## Required action
Given the records below, the lines starting at the line with "d5ffbba6920616 Pork Pie" and ending at the line with "Hello! New Normal" should be output exactly, both end lines kept and pictures left out.

─── Dataset extract ───

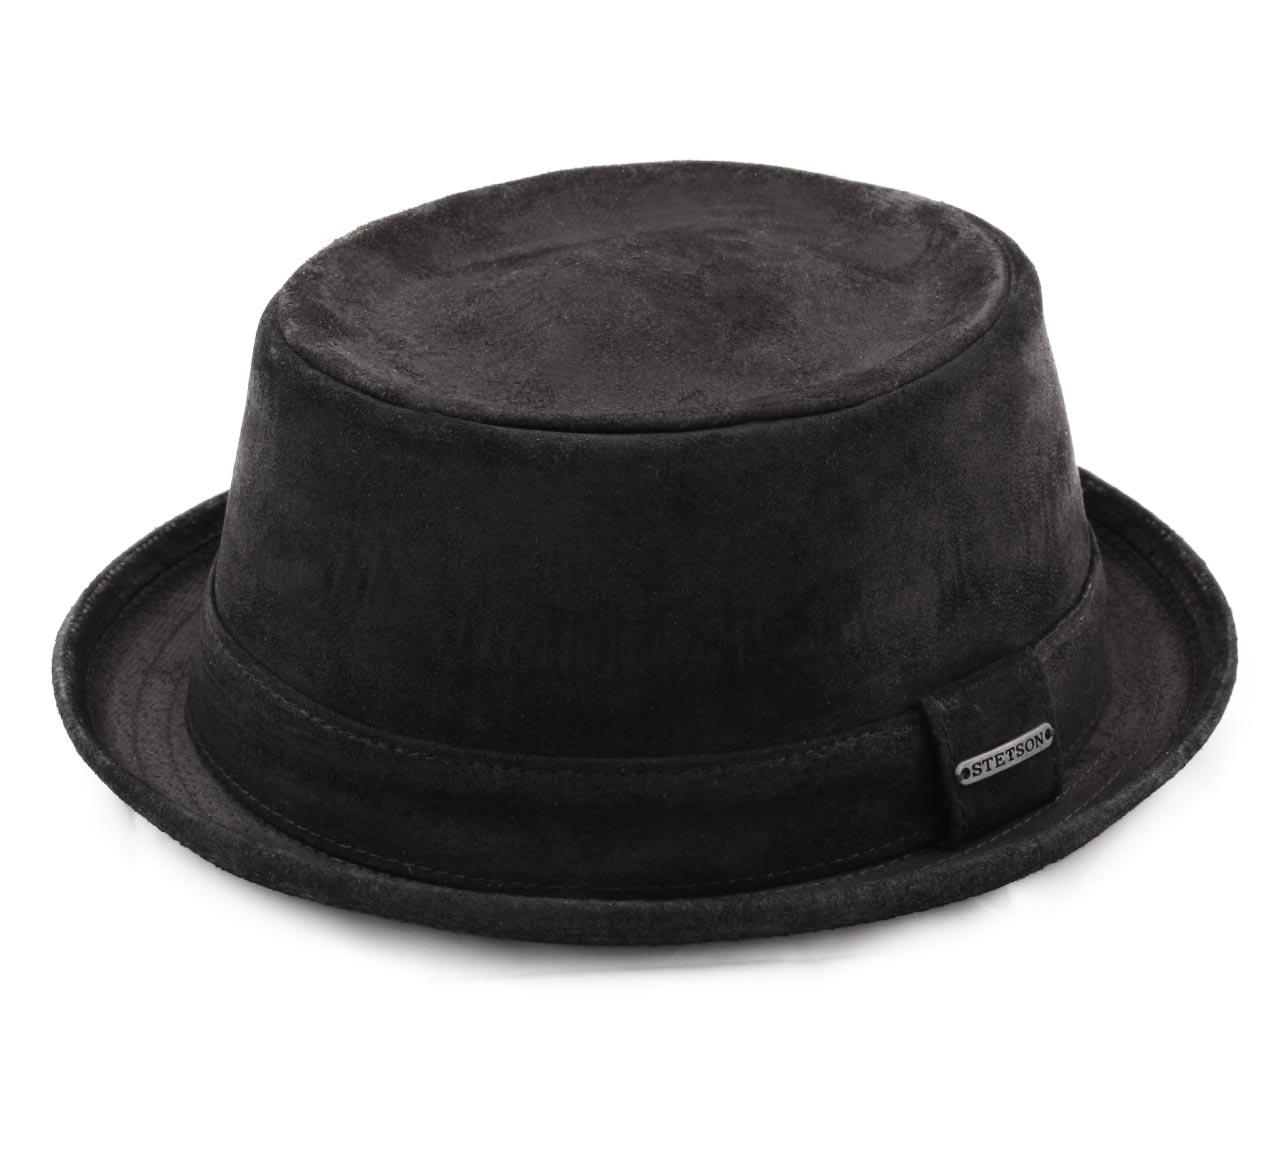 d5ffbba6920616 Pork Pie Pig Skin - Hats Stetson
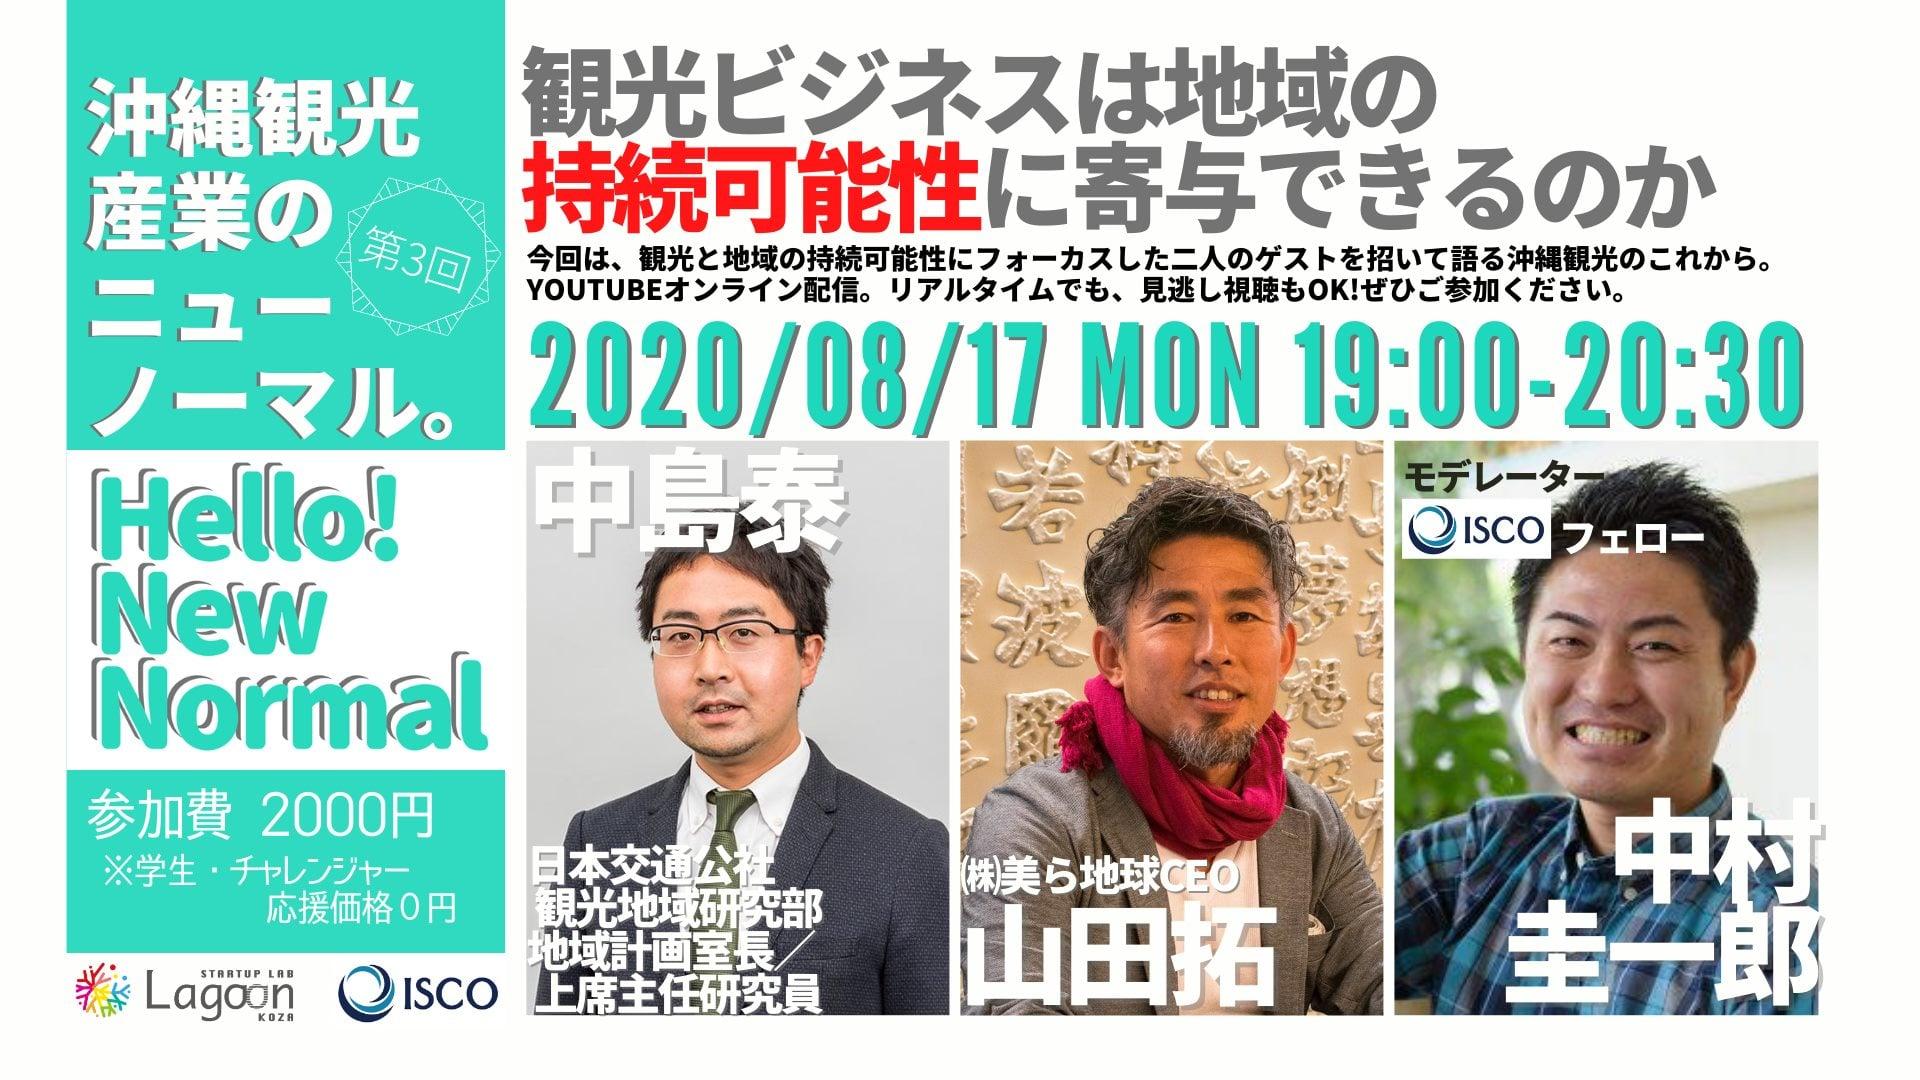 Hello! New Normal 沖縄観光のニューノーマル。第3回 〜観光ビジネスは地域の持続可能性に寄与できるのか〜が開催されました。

───
─── Dataset extract ───

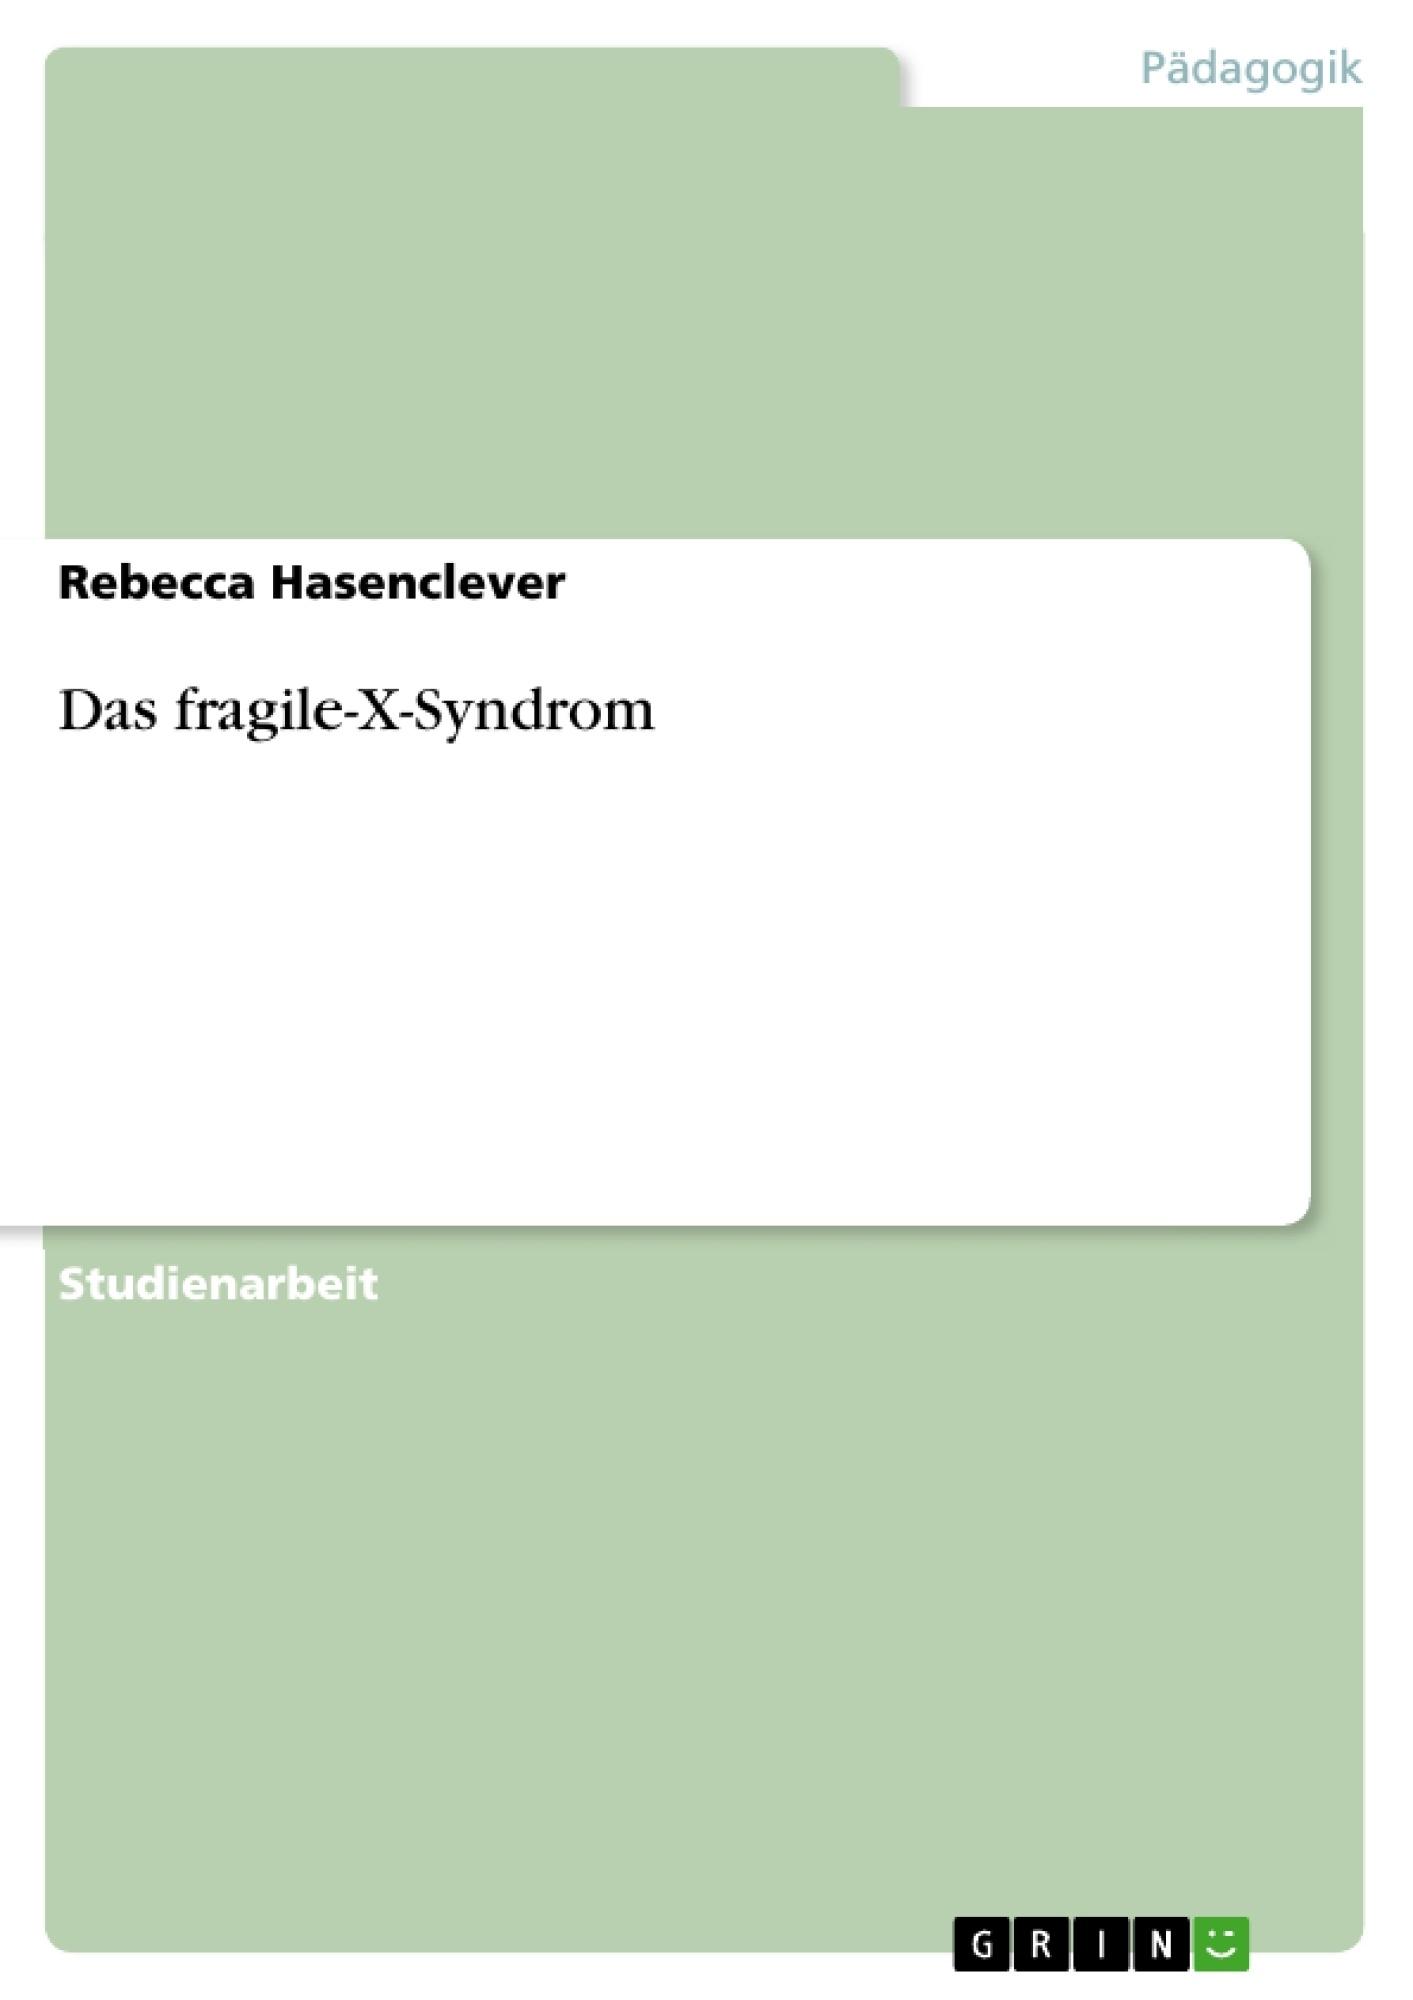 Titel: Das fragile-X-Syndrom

───

## Output of the task
 d5ffbba6920616 Pork Pie Pig Skin - Hats Stetson
 Hello! New Normal 沖縄観光のニューノーマル。第3回 〜観光ビジネスは地域の持続可能性に寄与できるのか〜が開催されました。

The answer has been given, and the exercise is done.